We created a correlation table to see how different features correlated with our four target values. As we can see from the table, four target variables are highly correlated with each other. Besides, Dx:HPV and STDs: Number of diagnosis have close correlation with four target variables, which means HPV and other STDs (sexually transmitted diseases) are important indicators to Cervical Cancer.
We can tell from the correlation table that a couple of groups of features are highly correlated (correlation > 0.6), e.g., Smokes (years) and Smokes (packs/year), STDs: Number of diagnosis and STDs (number), DX: CIN, DX: Cancer, DX: HPV and DX. Hence, we selected to drop Dx, Dx:Cancer, STDs (number) and Smokes (packs/year).

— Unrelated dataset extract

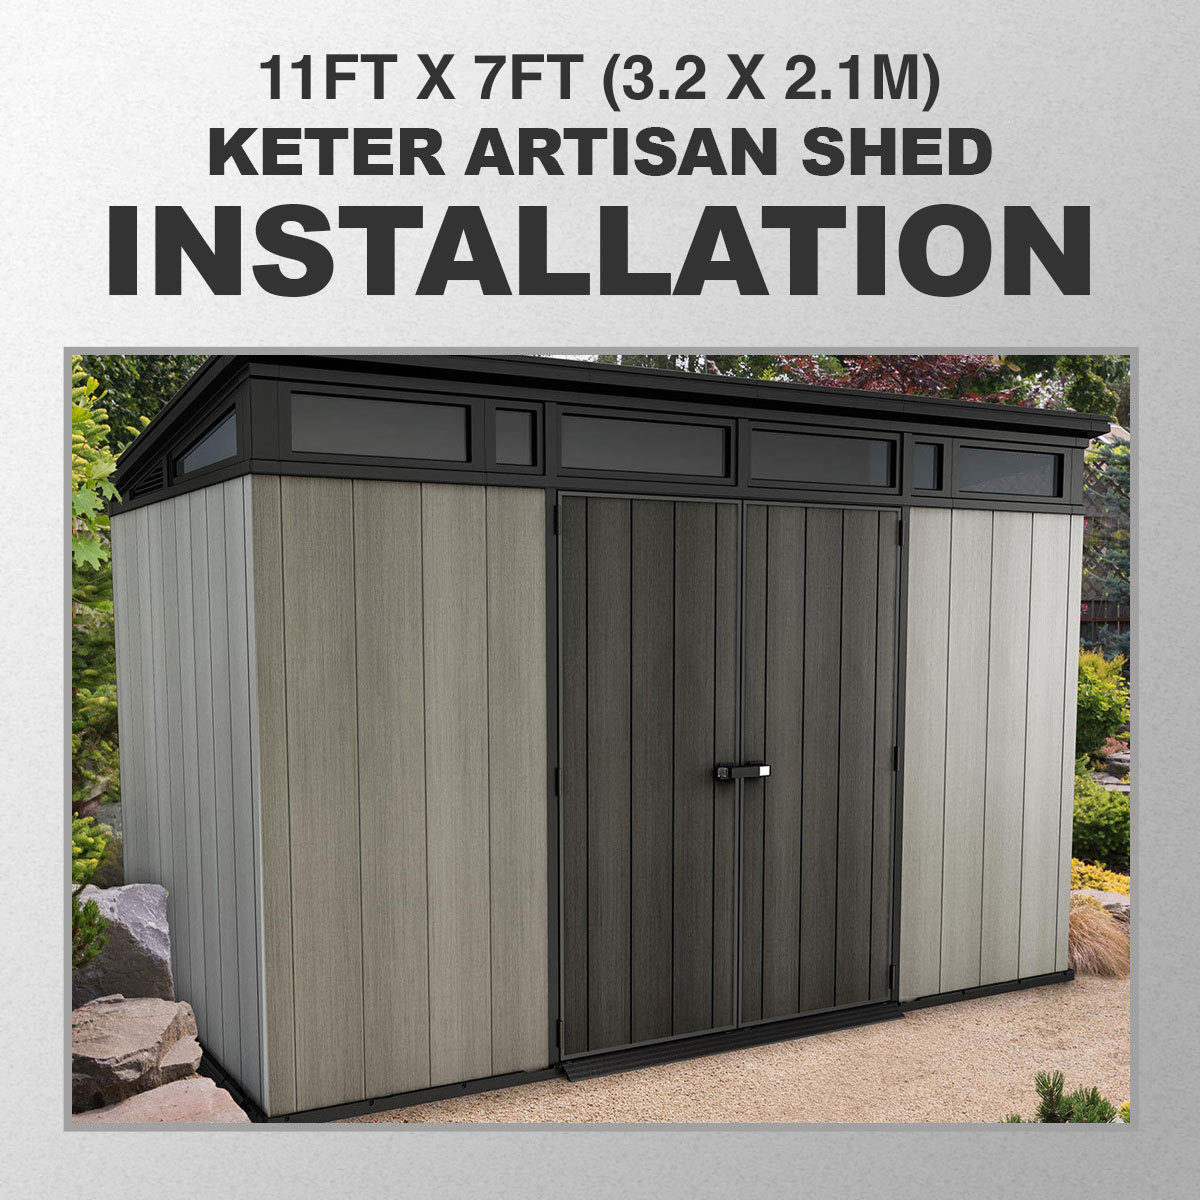 Installation for Keter Artisan 11ft x 7ft (3.2 x 2.1m) Shed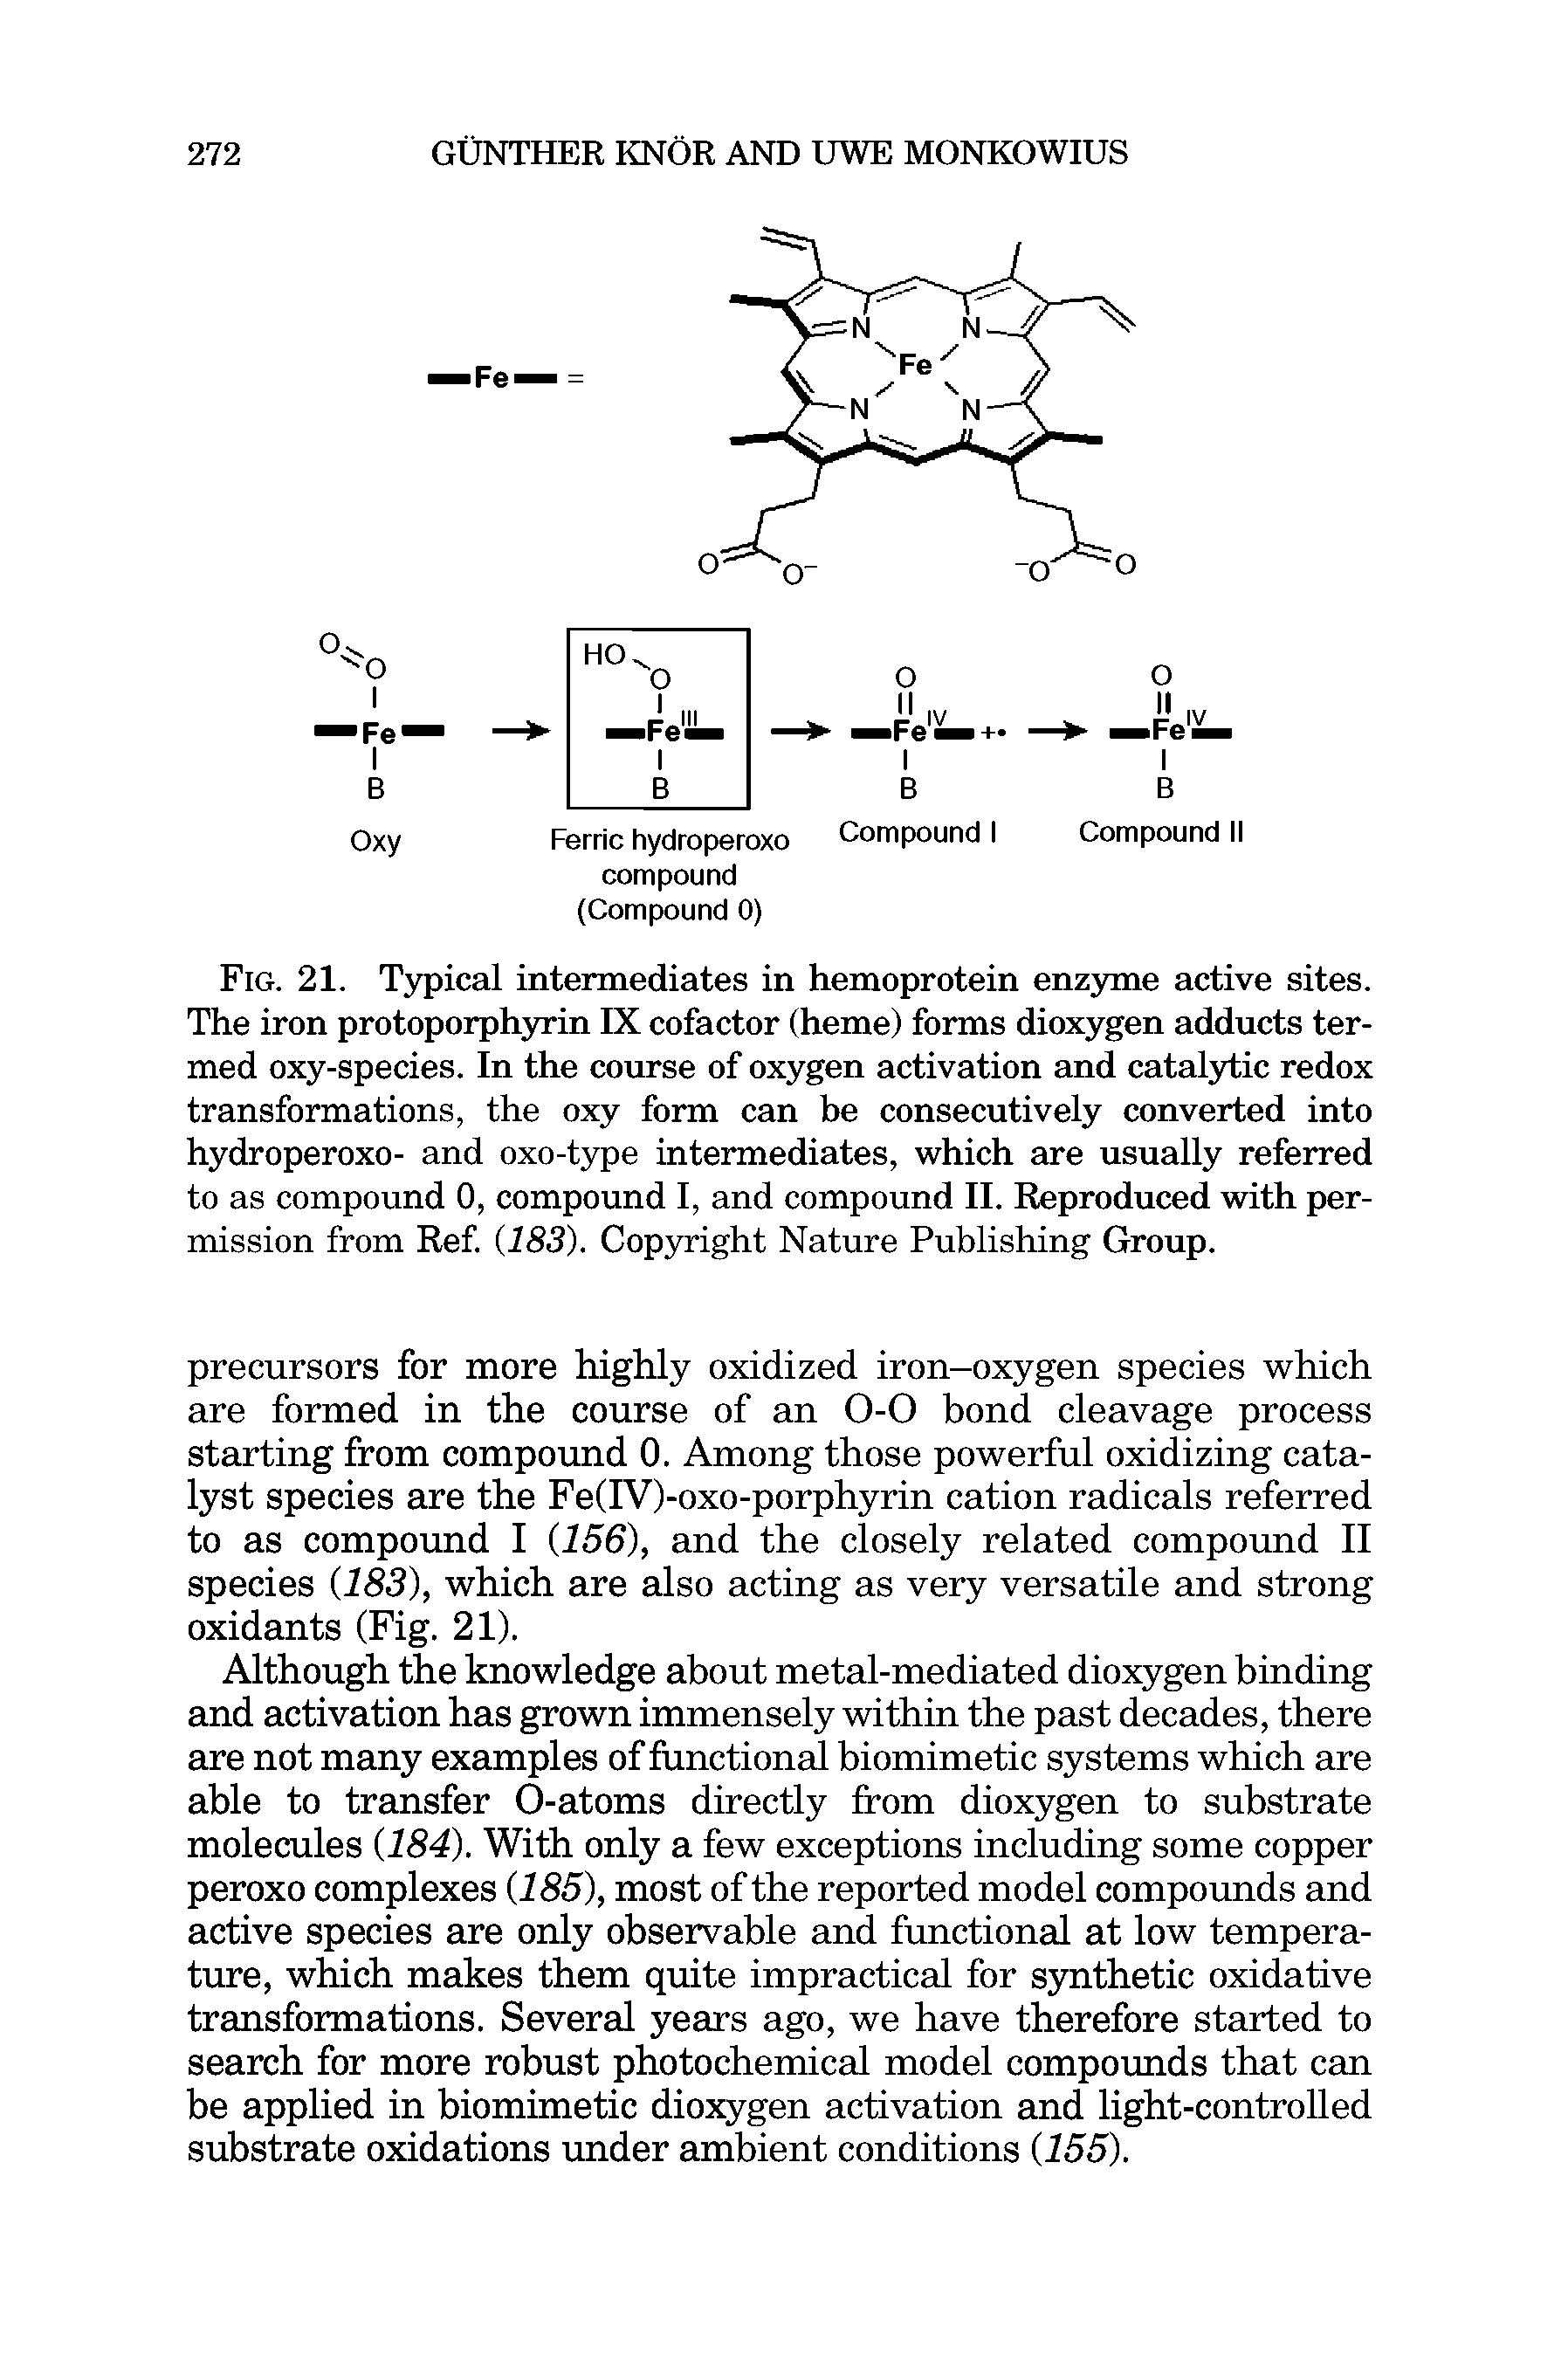 Fig. 21. Typical intermediates in hemoprotein enzyme active sites. The iron protoporphyrin IX cofactor (heme) forms dioxygen adducts termed oxy-species. In the course of oxygen activation and catalytic redox transformations, the oxy form can be consecutively converted into hydroperoxo- and oxo-type intermediates, which are usually referred to as compound 0, compound I, and compound II. Reproduced with permission from Ref (183). Copyright Nature Publishing Group.

We plotted scatterplots to show trends among different numerical features.
Also, we visualized the relationships between four target variables and two key features: DX:HPV and STDs: Number of diagnosis, using violin plots.
To deal with the highly imbalanced dataset, we used the following two techniques:
1. Applied stratified splitting when splitting the dataset into train, validation and test sets. \
2. Processed the data using Synthetic Minority Oversampling Technique (SMOTE).
We plotted the confusion matrix to visualize how our model is predicting the test data. Also, we make graphs on the feature importances of features to see whether our models make sense intuitively.
In this section we will focus on comparing models only for predicting cytology test results, also known as a pap test, since it is the most widely used screening method for cervical cancer. Plots comparing models for other target variables can be found in the code.
We made a table with all metrics such as negative prediction accuracy (NPA), positive prediction accuracy (PPA), F1 score, to name a few, for all models and target variables is given below.
Since the data is highly imbalanced and the cost of failing to identify a high risk patient (false negatives) is greater than falsely identifying a low risk patient as high risk (false positives), we rank the models on the basis of ROC curves.
We also made the Precision-Recall (PR) Curve for all models
We can make the conclusion that the best performing model is Random Forest since it has the greatest ROC-AUC and relatively high precision for high recall.